+++ Records for the task

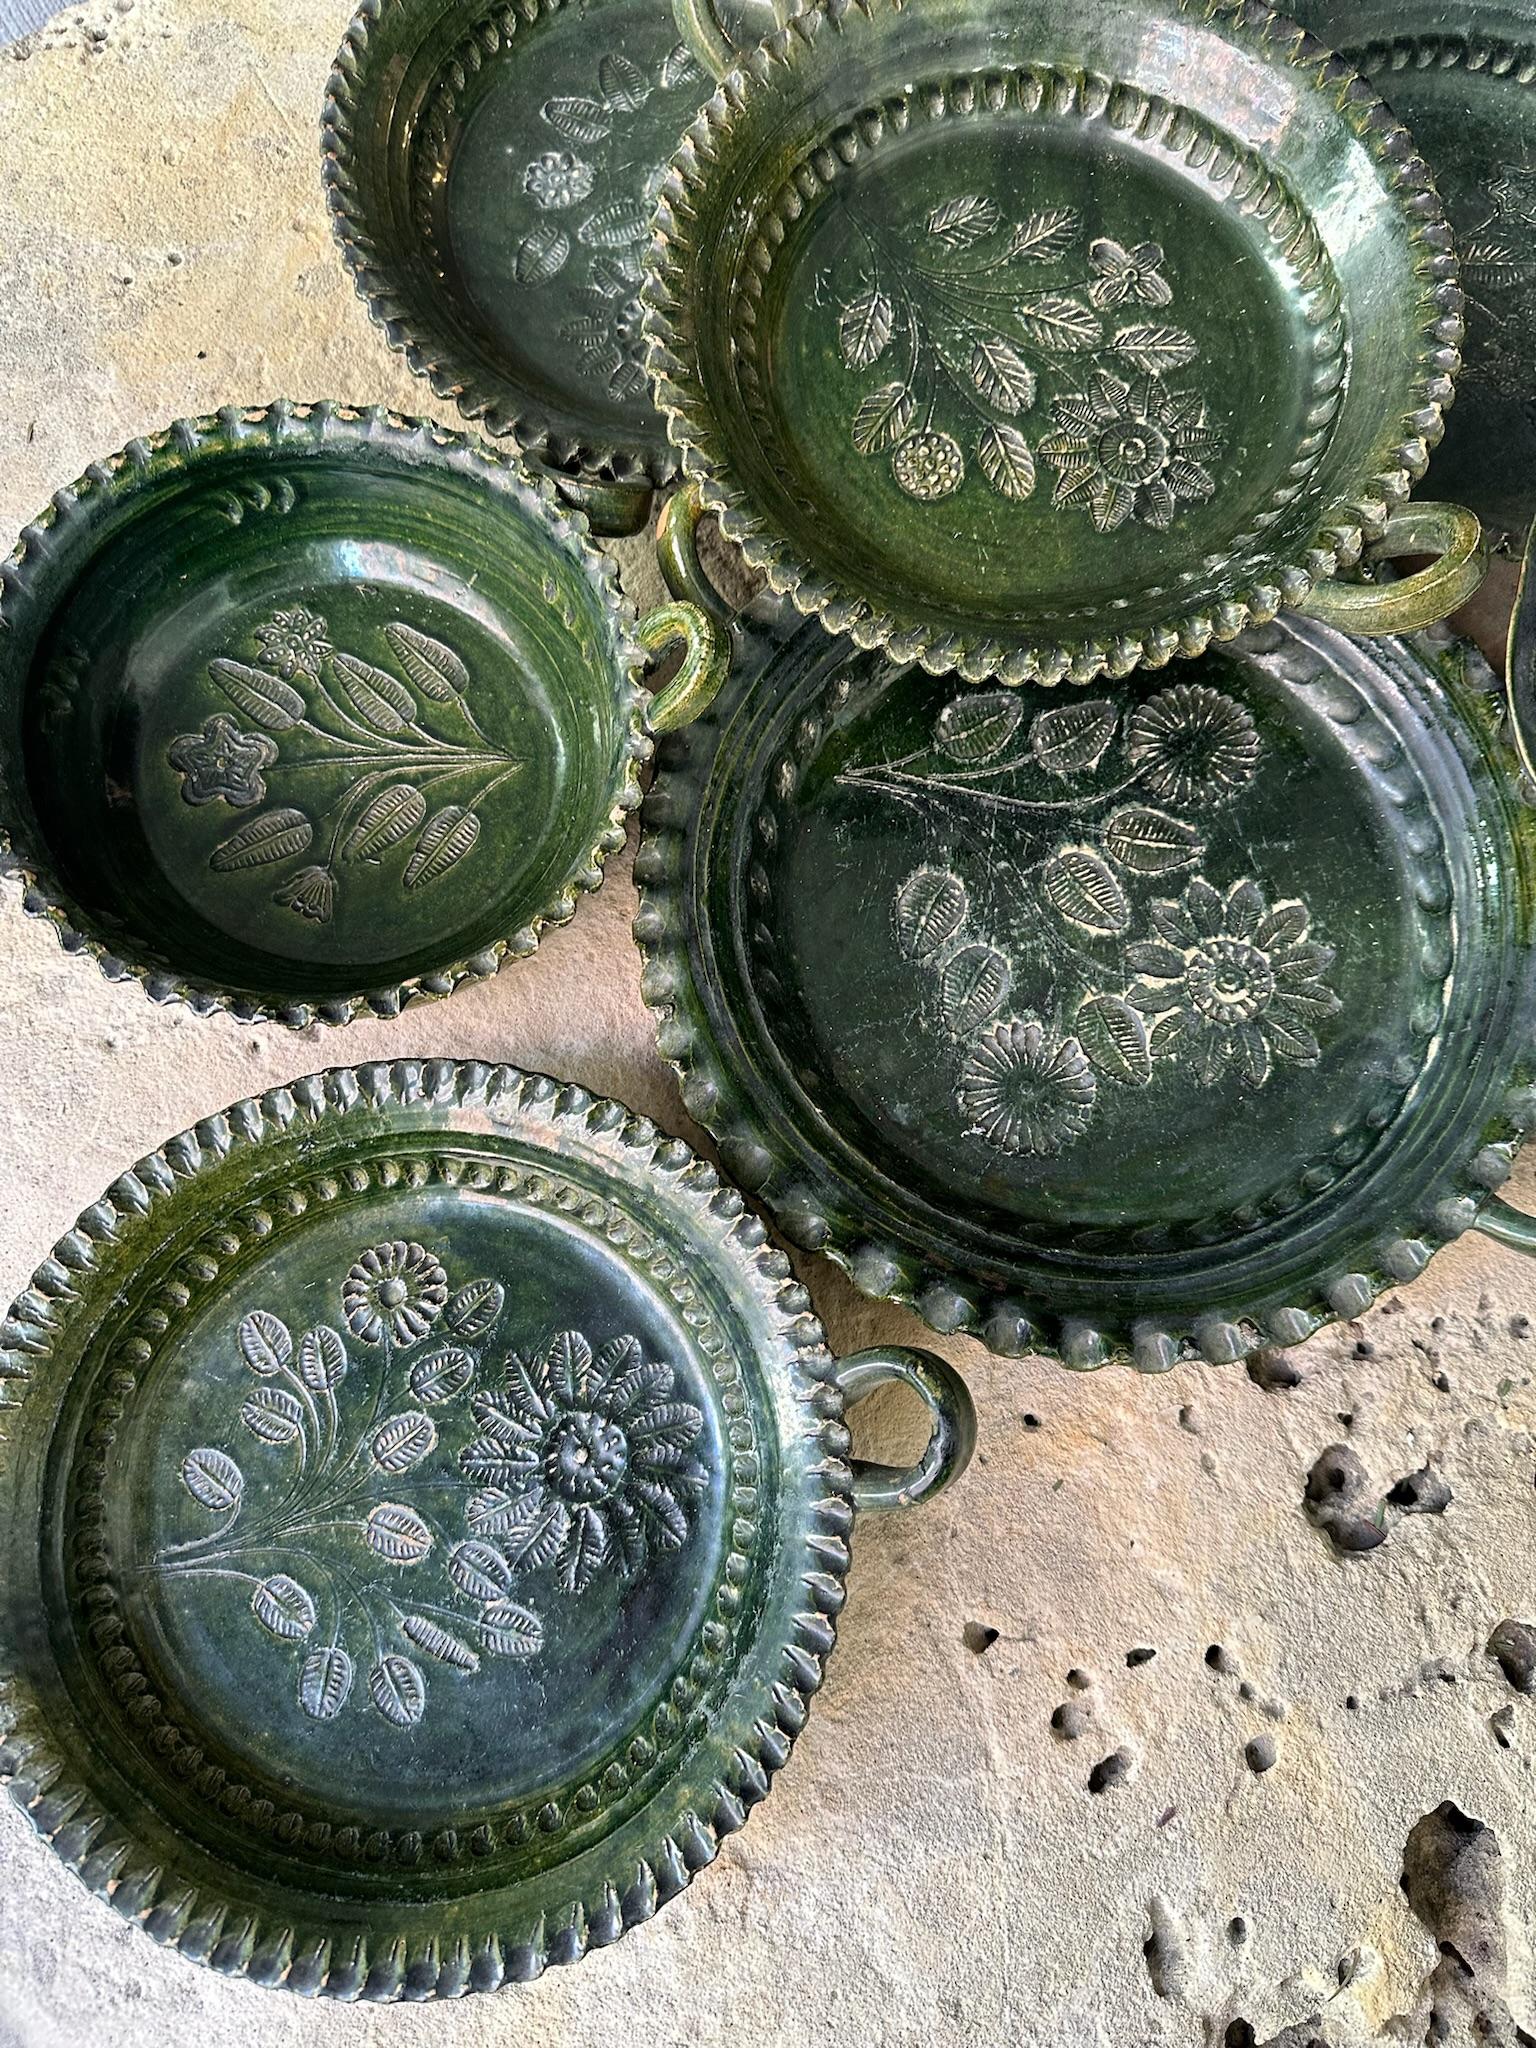 Collection of 8 Vintage Mexican Green Glaze Ceramics circa 1940s. Round ceramics with floral and leaf designs etched into the clay and etched rims with handles on each piece.
Dimensions of the 8 Pieces:
7 in L x 4 in W
3 in L x 9 in W
13 in L x 10.5

++++++

Exercise directions »
Pictures don't belong in the copy. Transcribe every record exactly as it appears.

Task output »
 Collection of 8 Vintage Mexican Green Glaze Ceramics circa 1940s. Round ceramics with floral and leaf designs etched into the clay and etched rims with handles on each piece.
Dimensions of the 8 Pieces:
7 in L x 4 in W
3 in L x 9 in W
13 in L x 10.5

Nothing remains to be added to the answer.